Further, the inner-layer openings have a jagged edge and the
outer-layer openings have a non-jagged edge.
[0039] Embodiments of the present invention each have at least one
of the above-mentioned objects and/or aspects, but do not
necessarily have all of them. It should be understood that some
aspects of the present invention that have resulted from attempting
to attain the above-mentioned objects may not satisfy these objects
and/or may satisfy other objects not specifically recited
herein.
[0040] Additional and/or alternative features, aspects, and
advantages of the embodiments of the present invention will become
apparent from the following description, the accompanying drawings,
and the appended claims.
BRIEF DESCRIPTION OF THE DRAWINGS
[0041] For a better understanding of the present invention, as well
as other aspects and further features thereof, reference is made to
the following description which is to be used in conjunction with
the accompanying drawings, where:
[0042] FIG. 1 is a front elevation view of an unfilled bag of a
first embodiment of the present invention;
[0043] FIG. 2 is cross-sectional view of the bag of FIG. 1 taken
along the line 2-2 therein;
[0044] FIG. 3 is a rear left perspective view of a filled bag of
FIG. 1;
[0045] FIG. 4 is a close-up top plan view of the front surface of
the inner layer of the bag of FIG. 1;
[0046] FIG. 5 is a close-up top plan view of an opening on the
front surface of the inner layer of the bag of FIG. 1;
[0047] FIG. 6 is a cross-sectional view of the opening of FIG.
5;
[0048] FIG. 7 is a close-up top plan view of the front surface of
the outer layer of the bag of FIG. 1;
[0049] FIG. 8 is a close-up top plan view of an opening on the
front surface of the outer layer of the bag of FIG. 1;
[0050] FIG. 9 is a cross-sectional view of the opening of FIG.
8;
[0051] FIG. 10 is top plan view showing a comparison of the
openings of FIGS. 5 and 8;
[0052] FIG. 11 is close-up cross sectional view of the front
surfaces of the inner and outer layers of the bag of FIG. 1,
showing the offset of the openings therein;
[0053] FIG. 12 is a schematic cross-sectional view of a filled bag
of the present invention on a pallet;
[0054] FIG. 13 is a close-up cross sectional view of the front
surfaces of the inner and outer layers of the bag of FIG. 12,
showing the action of the filtering chamber therebetween;
[0055] FIG. 14 is a close-up cross sectional view of the rear
surfaces of the inner and outer layers of the bag of FIG. 12;
[0056] FIG. 15 is a close-up cross sectional view of the front
surfaces of the inner and outer layers of the bag of FIG. 12 as
well the rear surfaces of the inner and outer layers of a second
bag of similar construction placed on top of the bag of FIG. 12 on
the pallet;
[0057] FIG. 16 is a front elevation view of a bag of a second
embodiment of the present invention;
[0058] FIG. 17 is cross-sectional view of a bag of a third
embodiment of the present invention;
[0059] FIG. 18 is close-up cross sectional view of the bag of FIG.
17;
[0060] FIG. 19 a top plan view showing a comparison of the openings
of FIG. 18;
[0061] FIG. 20 is a front elevation view of an unfilled bag of a
fourth embodiment of the present invention; and
[0062] FIG. 21 is a close-up top plan view of the front surface of
the inner layer of the bag of FIG. 20.
DETAILED DESCRIPTION OF PREFERRED EMBODIMENTS
[0063] In FIG. 1 of the present invention there is shown a bag 10
similar (albeit constructed according to the teachings of the
present invention) to one described in the '005 publication. It
should be understood that this bag is described herein only as a
preferred embodiment. Other embodiments are possible in accordance
with the teachings of the present invention.

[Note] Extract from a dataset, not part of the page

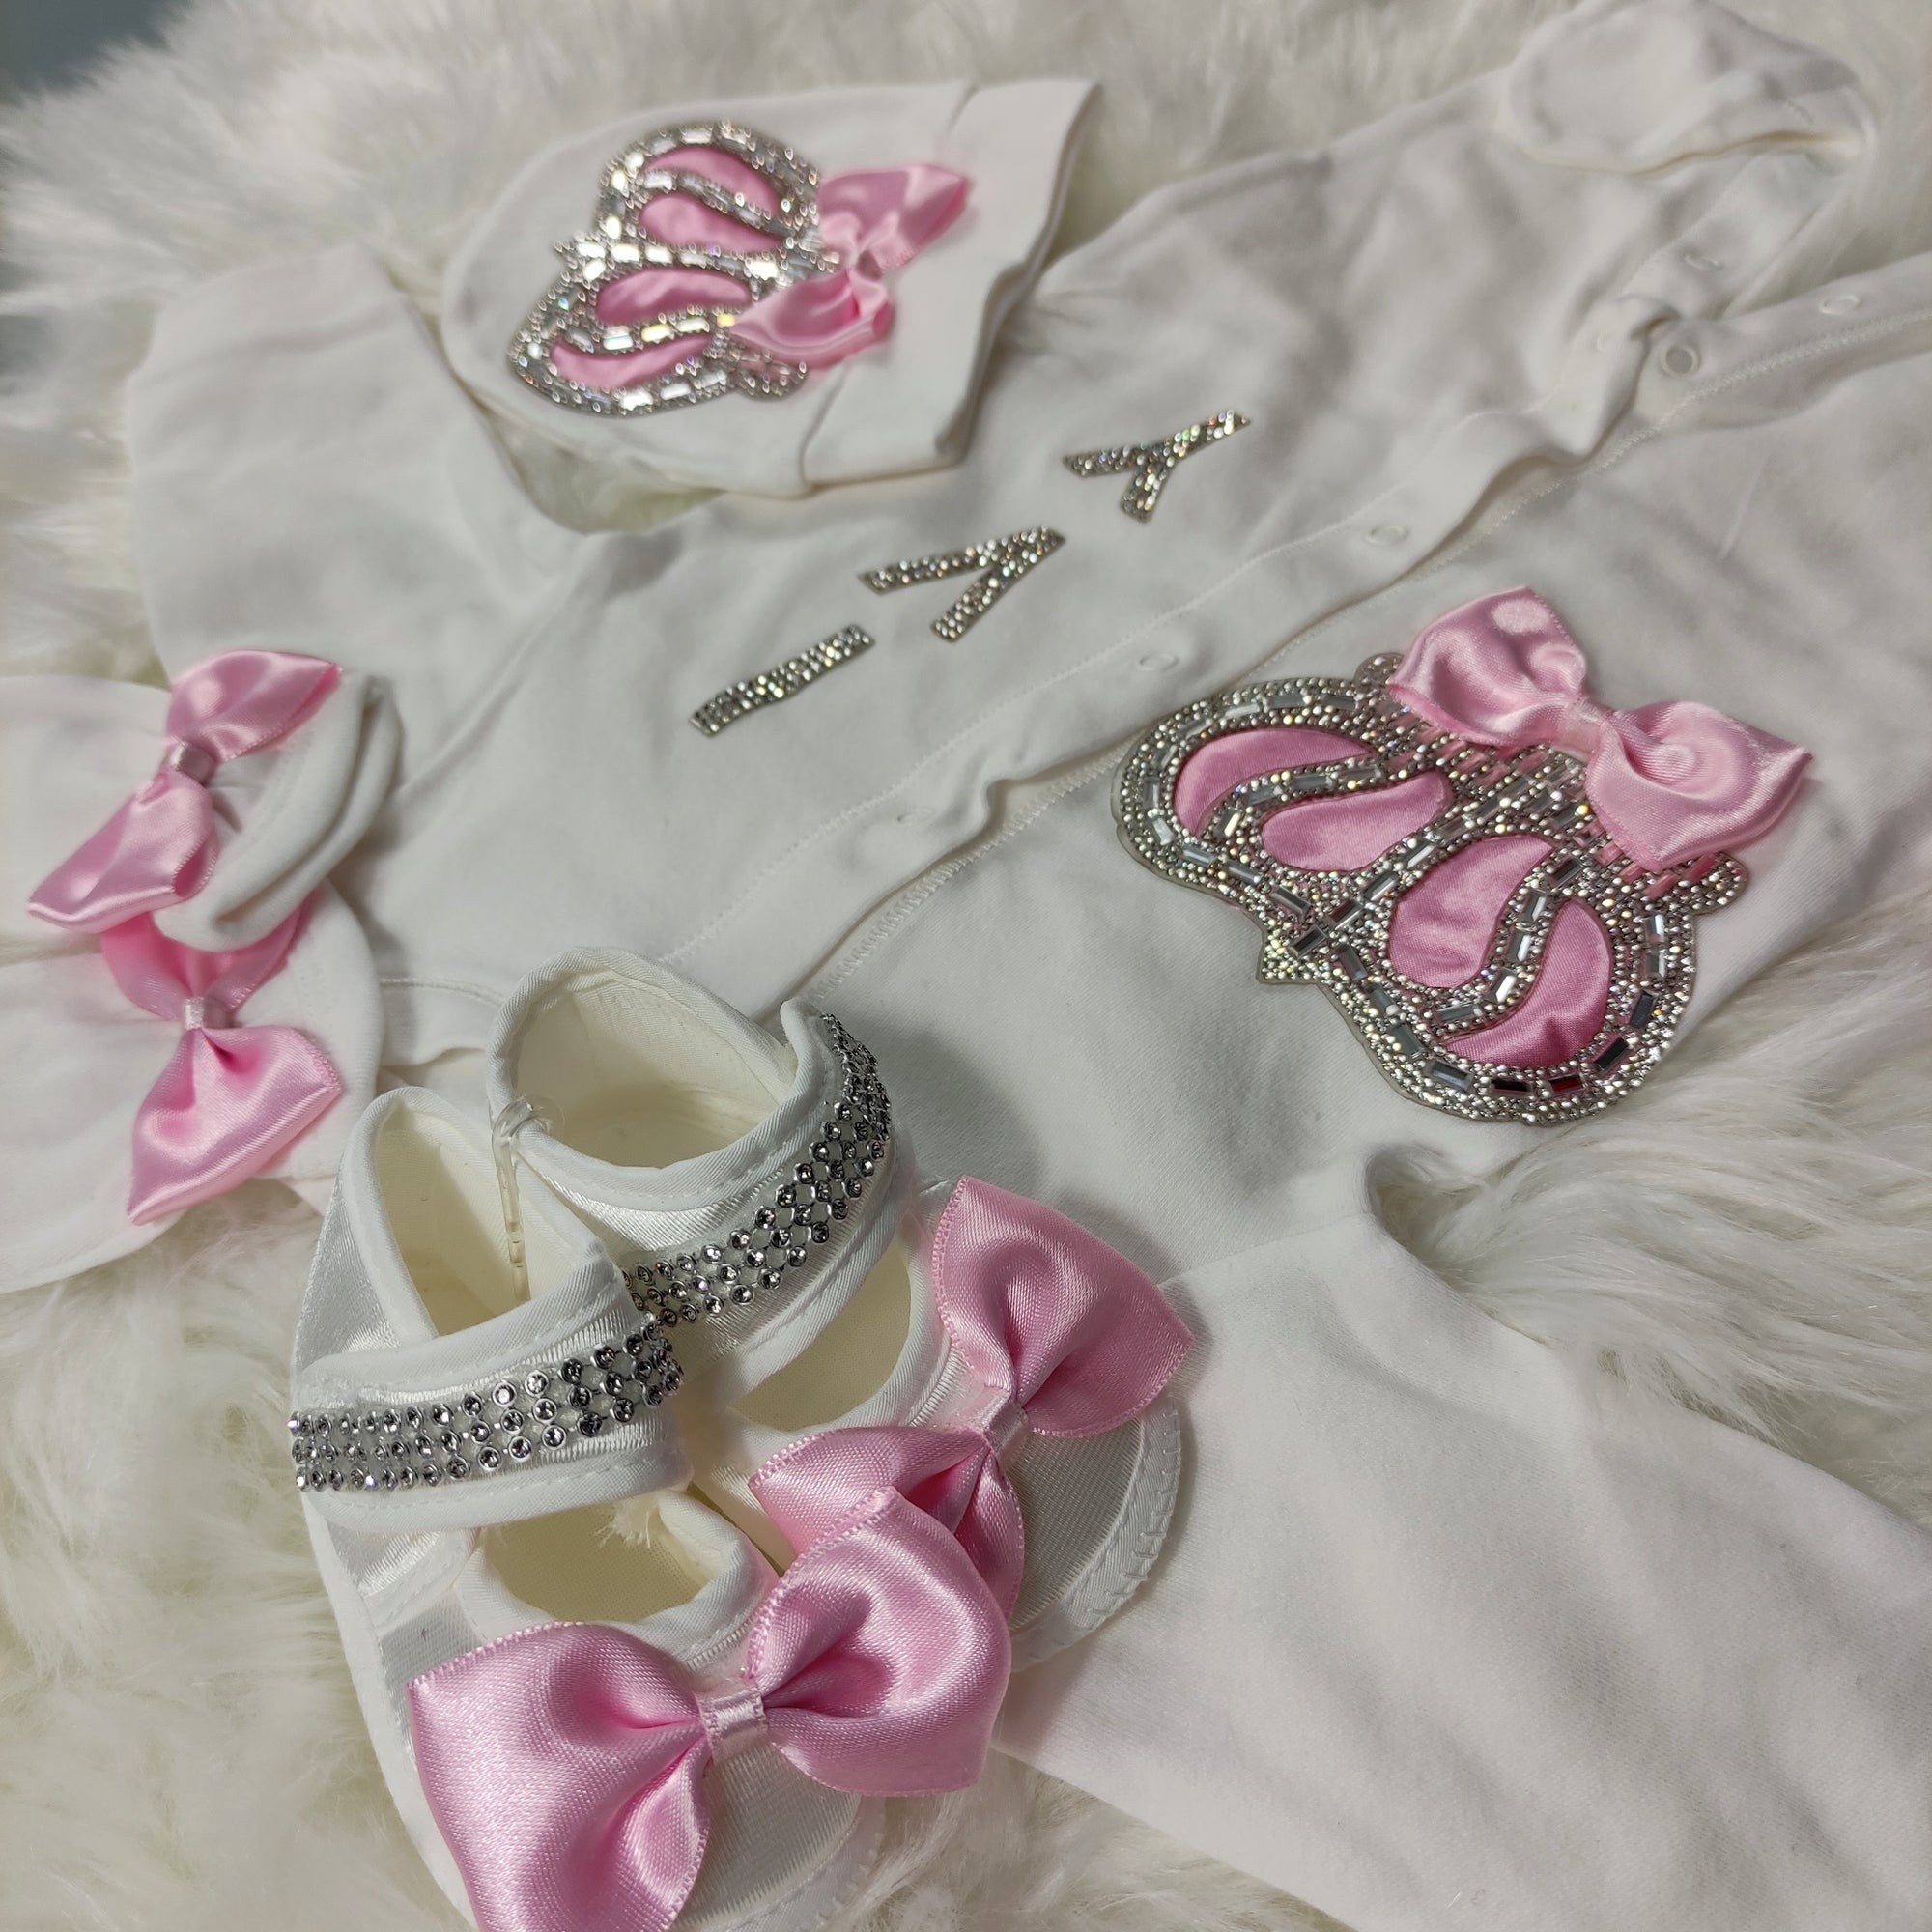 CUSTOM 4 PIECES PINK AND WHITE SET

[0064] In FIG. 1, bag 10 (collapsed) has a top face 12 and a bottom
face 14, left- and right side gussets 16' and 16, respectively,
with left- and right-side center gusset creases 18' and 18
respectively. (For ease of understanding, it should be noted that
the left side of the bag is closer to the right edge of the drawing
page (and vice versa), as it is the bag's left, and not the viewer
of the drawing's left, that is being referred to.) Extending inward
from the right-side center gusset crease 18 are internal flap edges
20 and 22 (the latter not shown in FIG. 1 as it lies directly
underneath internal flap edge 20). Internal lap sealed portion 24
(the shaded strip) is the narrow strip of material in between
right-side center gusset crease 18 and internal flap edges 20 and
22, and runs continuously from bag top 12 to bottom 14. As viewed,
the lap sealed portion 24 lies inside of the bag 10 adjacent to the
right-side center gusset crease 18, and the lap seal defining
right-side center gusset crease 18. With the lap seal facing
inward, inside the bag, the outer surface of the bag has no ridges
or seals pointed outward.
[0065] As can be seen in FIG. 2, bag 10 is of a 2-ply construction,
having an outer layer 40 and an inner layer 42. (The 2-ply nature
of the bag 10 is not shown in FIG. 1 simply for ease of
understanding.) The outer layer and the inner layer may be of
plastic material suitable for the intended use of the bag.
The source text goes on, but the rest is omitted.